Environmental pollution has far-reaching consequences

According to Webber Wentzel’s Garyn Rapson and Merlita Kennedy, the number of class actions stemming from environmental pollution events is rising internationally, and especially in Africa and South Africa.

These events need not be current. South African law also covers historic pollution or pollution on land that a company owns or controls.

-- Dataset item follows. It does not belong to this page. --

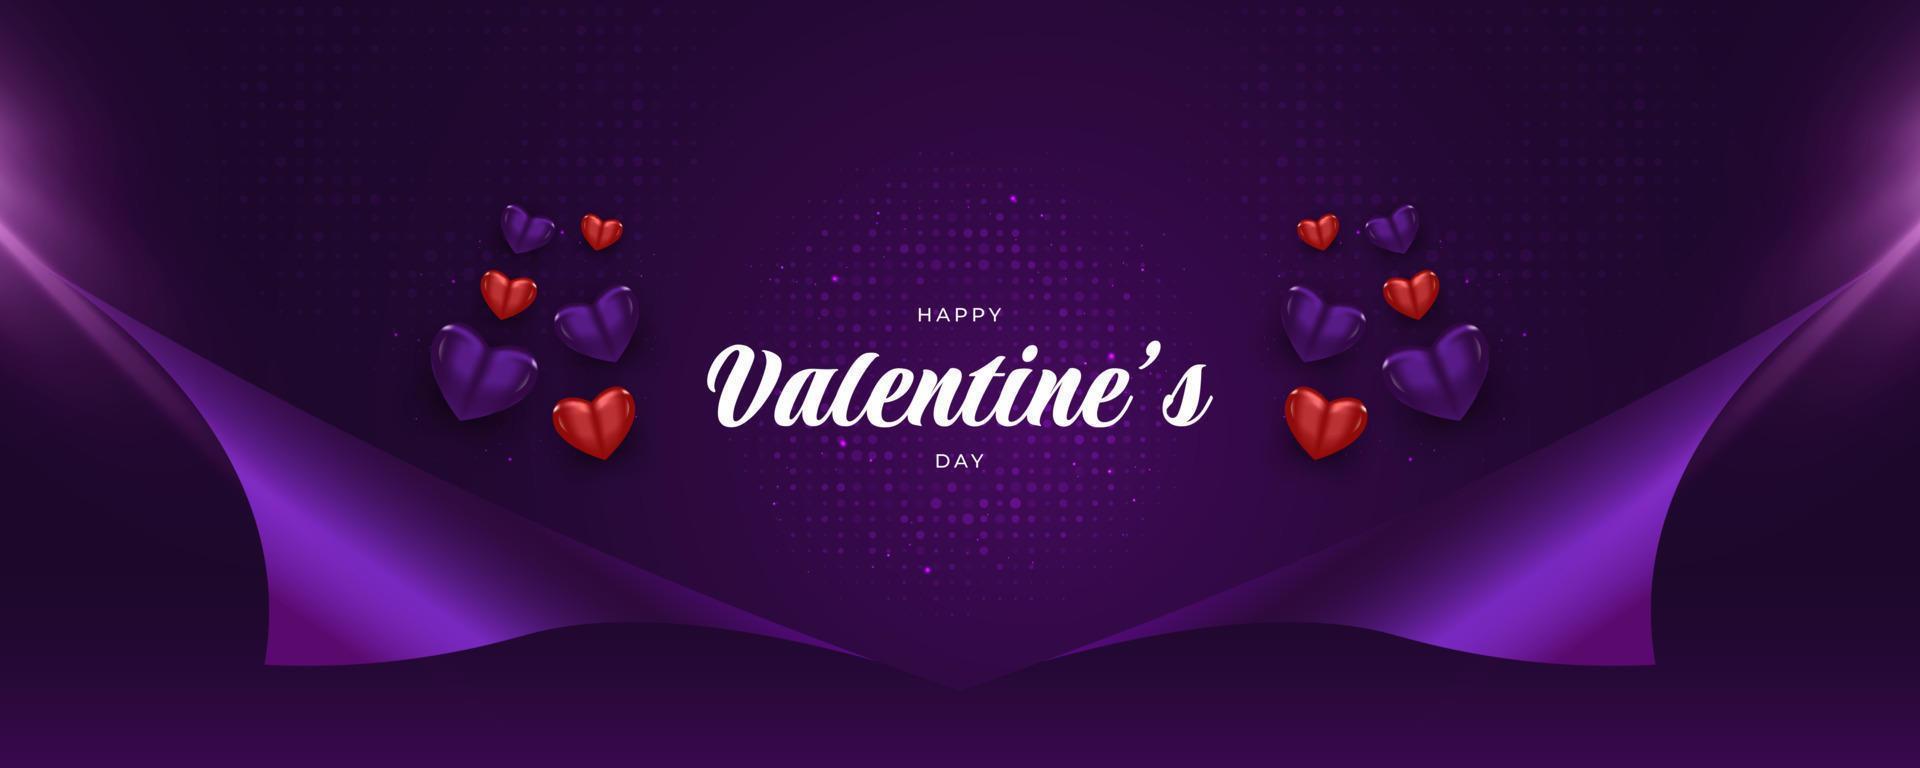 Valentines Day Banner with Cute Heart Illustration Isolated on Purple Background and Wrapping Paper Concept. Valentine's Day Decoration Elements vector

Even if the company was not the perpetrator, it has a duty to address it:

  • Under Section 28 of the National Environmental Management Act
  • Under Section 19 of the National Water Act.

Addressing this pollution is very complex and requires technical expertise. However, there is a risk that remedial measures could incur liability in the event of a subsequent class action.

We advise a company to:

  • appoint these experts under legal privilege
  • ensure all draft reports are written under legal privilege submit reports to government only in final form.
  • There should be a separate technical team for potential future litigation because the team involved in the clean-up will be conflicted.

It is necessary to have a co-ordinated action plan, with technical and communications teams working together.

There must be very strict document management procedures (including notes and boardroom minutes) and timeline management.

Ignoring these steps could result in administrative directives/compliance notices or even criminal liability, up to board level.